Comparison with other annotation methods¶
| Method | Inline on diff | Persistent | Setup |
|---|---|---|---|
--annotate (this feature) |
Yes | No (per-run) | Add one flag |
| SARIF + Code Scanning | Yes (Security tab) | Yes (alerts) | format: sarif + upload-sarif: true + permissions |
| Job Summary | No (separate panel) | No (per-run) | Automatic with --annotate |
| Markdown report (default) | No (log output) | No | Default behavior |
For most teams, --annotate provides the best signal-to-noise ratio with zero
configuration beyond the single flag.
Troubleshooting¶
Annotations not appearing¶
- Is
--annotateset? Checkextra-argsin your workflow YAML. - Running on GitHub Actions? Annotations require
GITHUB_ACTIONS=true. Self-hosted runners set this automatically. - Are there any changes? No annotations are emitted for
NO_CHANGEresults. - File path mismatch? Annotations with
file=are only shown inline when the file path matches a file changed in the PR. Step-level annotations (without file/line) always appear in the Actions log. - Hit the 50-annotation limit? If you have more than 50 issues, lower-severity
ones are dropped. Use
--format jsonor check the Job Summary for the complete list.

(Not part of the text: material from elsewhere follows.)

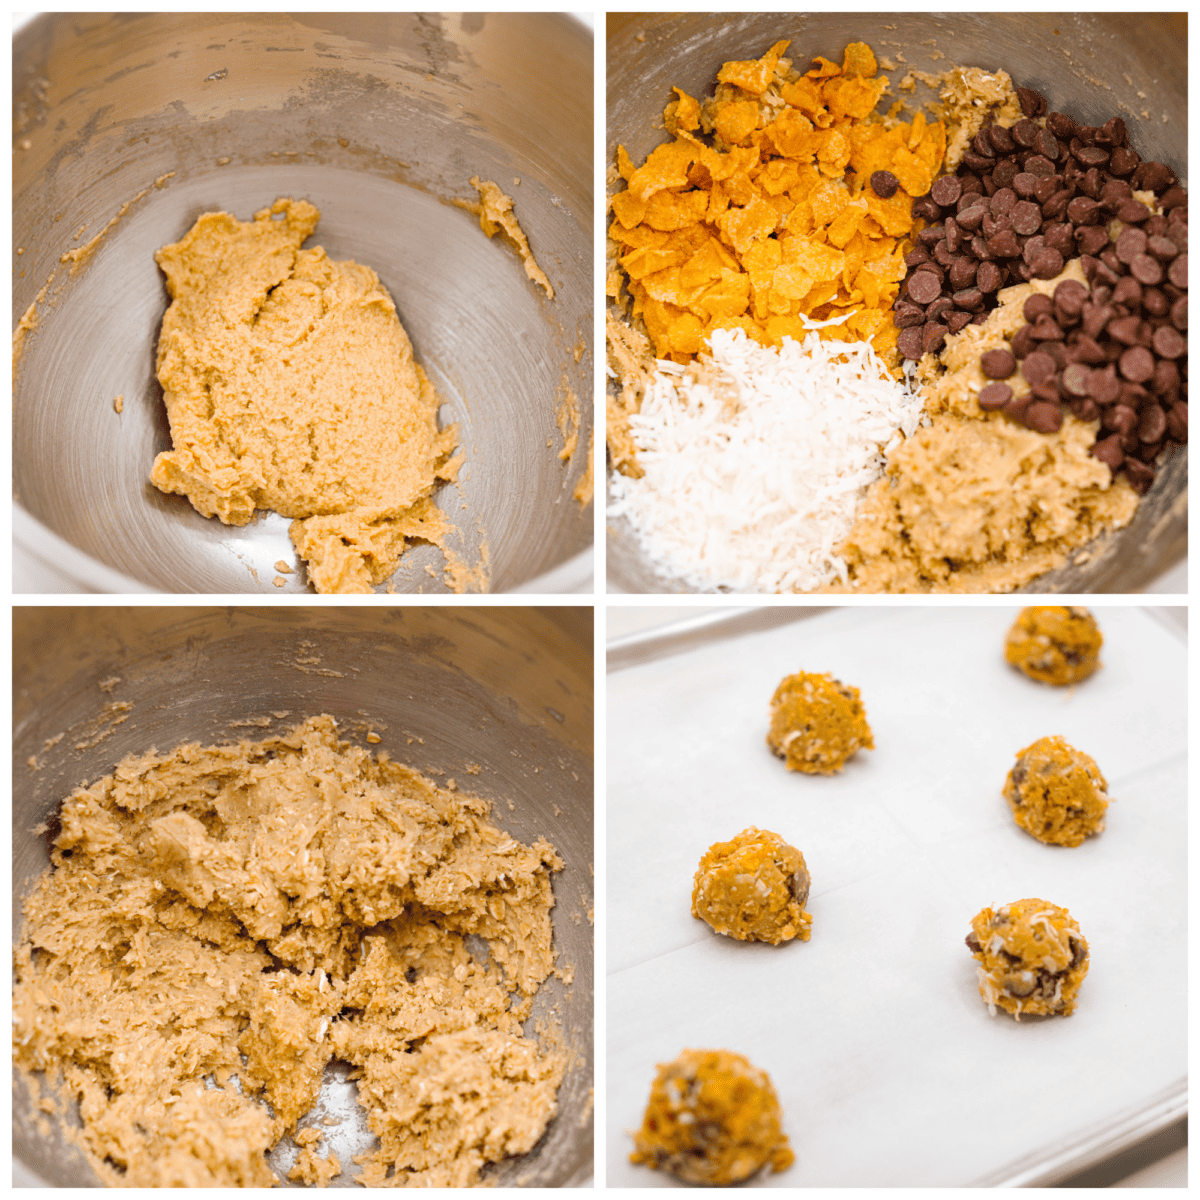 4-photo collage of the dough being prepared.

Annotations appear but not inline¶
This happens when source_location is not available (symbols-only mode). To
get inline annotations, provide headers (-H) or ensure DWARF debug info is
present in the binary.
Too many notice annotations¶
Use --annotate without --annotate-additions (the default). This limits
annotations to breaking changes and warnings only.